Introductions are in order

What's in a name:

So, I've been wanting to write about my current relationship a little bit more. I mean, I write songs about it right? One of the things that have kept me back from that is the name issue. He has a fairly unique name as well, and it's easy for people to connect the two of us together. I am more vocally "OUT" than he is. A lot of why I hide behind Edward Davis, instead of my real name, is for his sake.

I find it hard to write about us without writing about him, and hard to write about him without giving him a name. Sure, there's the pet names. Baby, pumpkin, hottie blah. There isn't one descriptor that could do him justice (sappy, but true). I thought of calling him Squishy but, that's a little too 'cute'.

Introducing my love:

So, the other day I asked him what I should call him if I were to write about him. And the name he has chosen for himself?
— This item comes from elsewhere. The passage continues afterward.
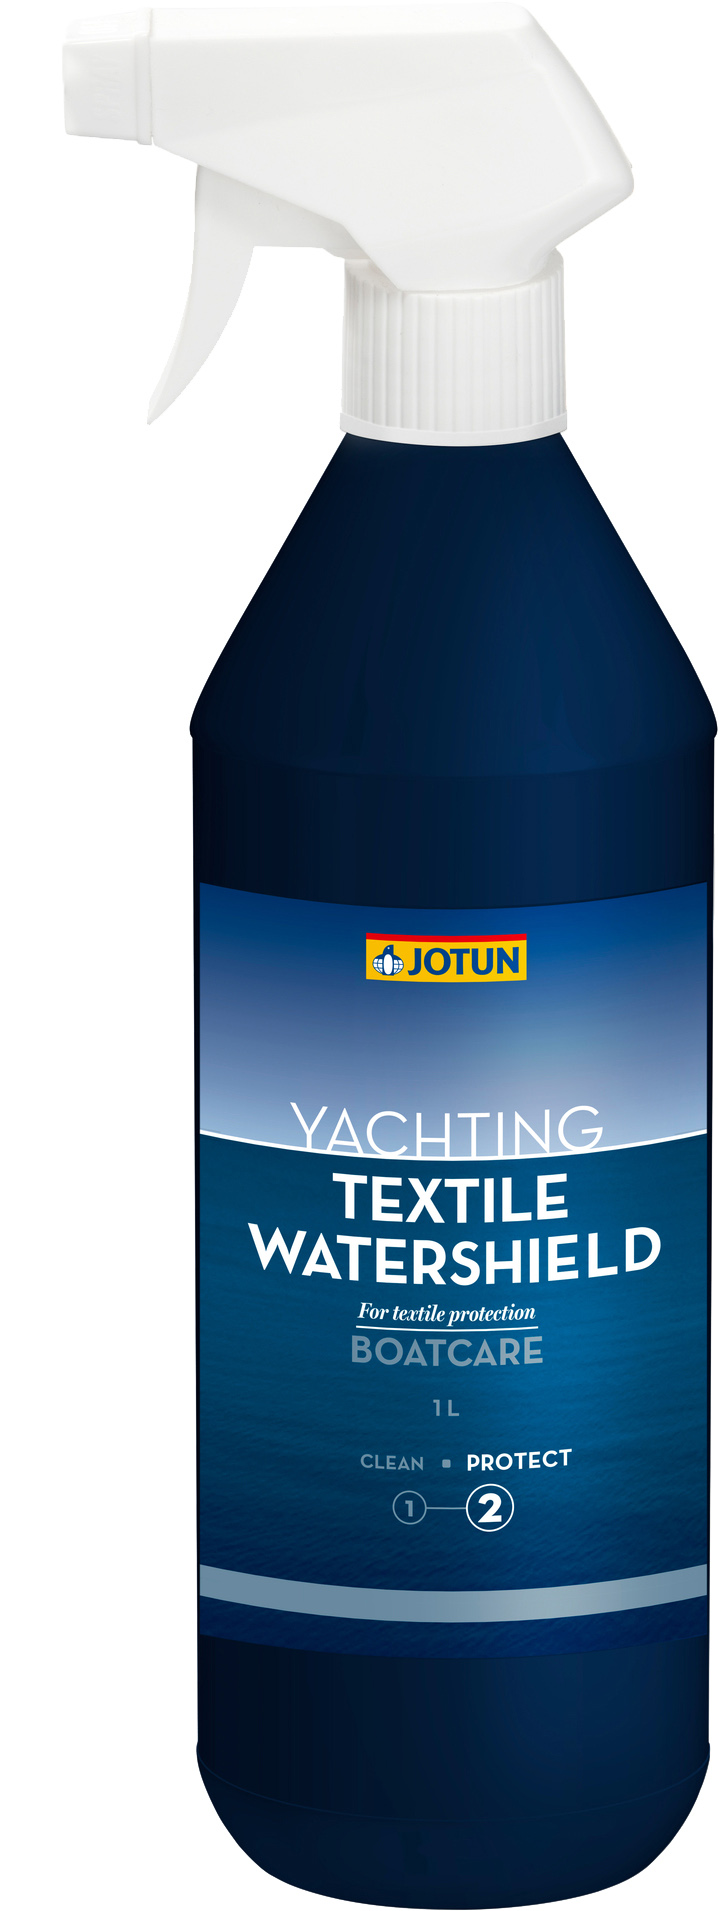 Textile Watershield 1 l - Jotun
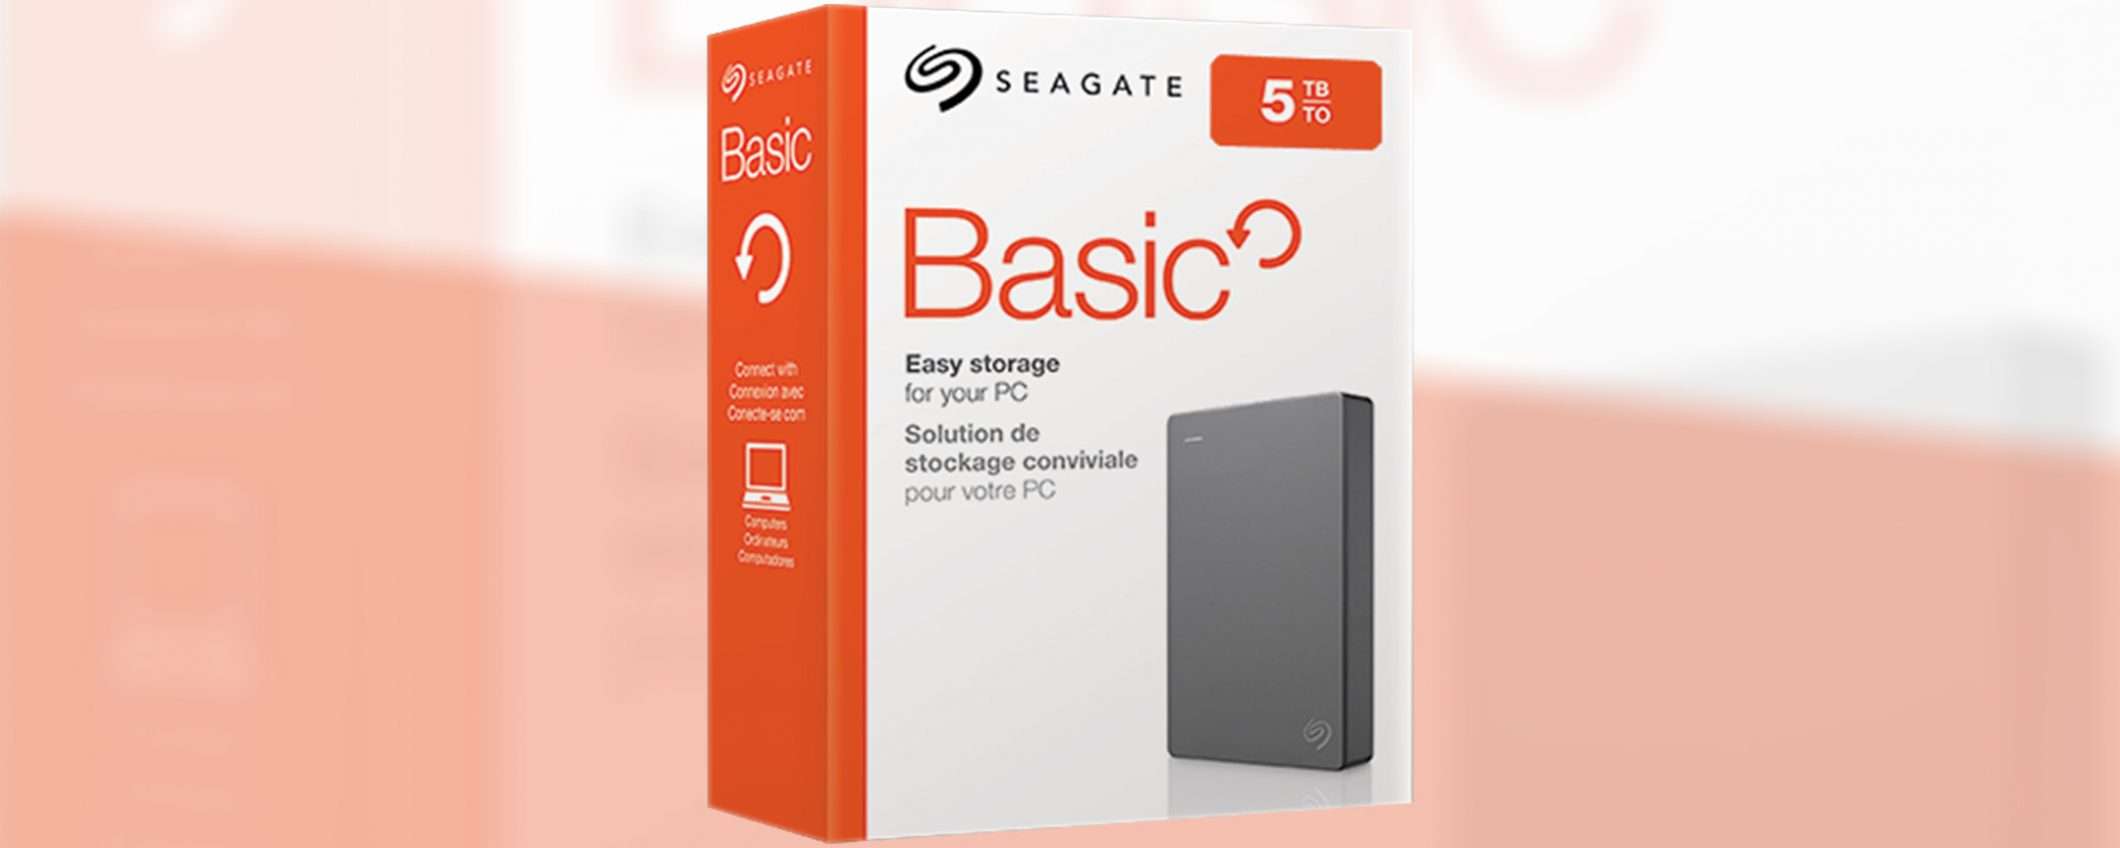 Seagate Basic, HDD 5 TB a un OTTIMO PREZZO su eBay

Mac Ray, after someone who was very close to both of us (his dad).

And so, with that out of the way, the future is wide open for me to write all that I want about every part of me. And since Mac is a huge part of me, you can bet that there will be quite a bit of writing about that as well.

When I get home this evening, I will update this post with a picture of the two of us!

If you haven't yet, you might want to read the interesting events of how we met. I will write a more exhaustive account of that actual day in a future post as well!

I'm OUT!

Sunday, May 2, 2010

We are all just stupid lemmings

That's what THEY think:

I write today's blog out of a bit of, what's the word? Frustration, maybe? No, more out of passion! You see, I believe what I believe. I believe, like many of you, in equal rights. I also believe in transparency and intellectual honesty!

I believe that politicians lie, cheat and steal because we let them. I refuse to be lied to, cheated on or stolen from by political agendists.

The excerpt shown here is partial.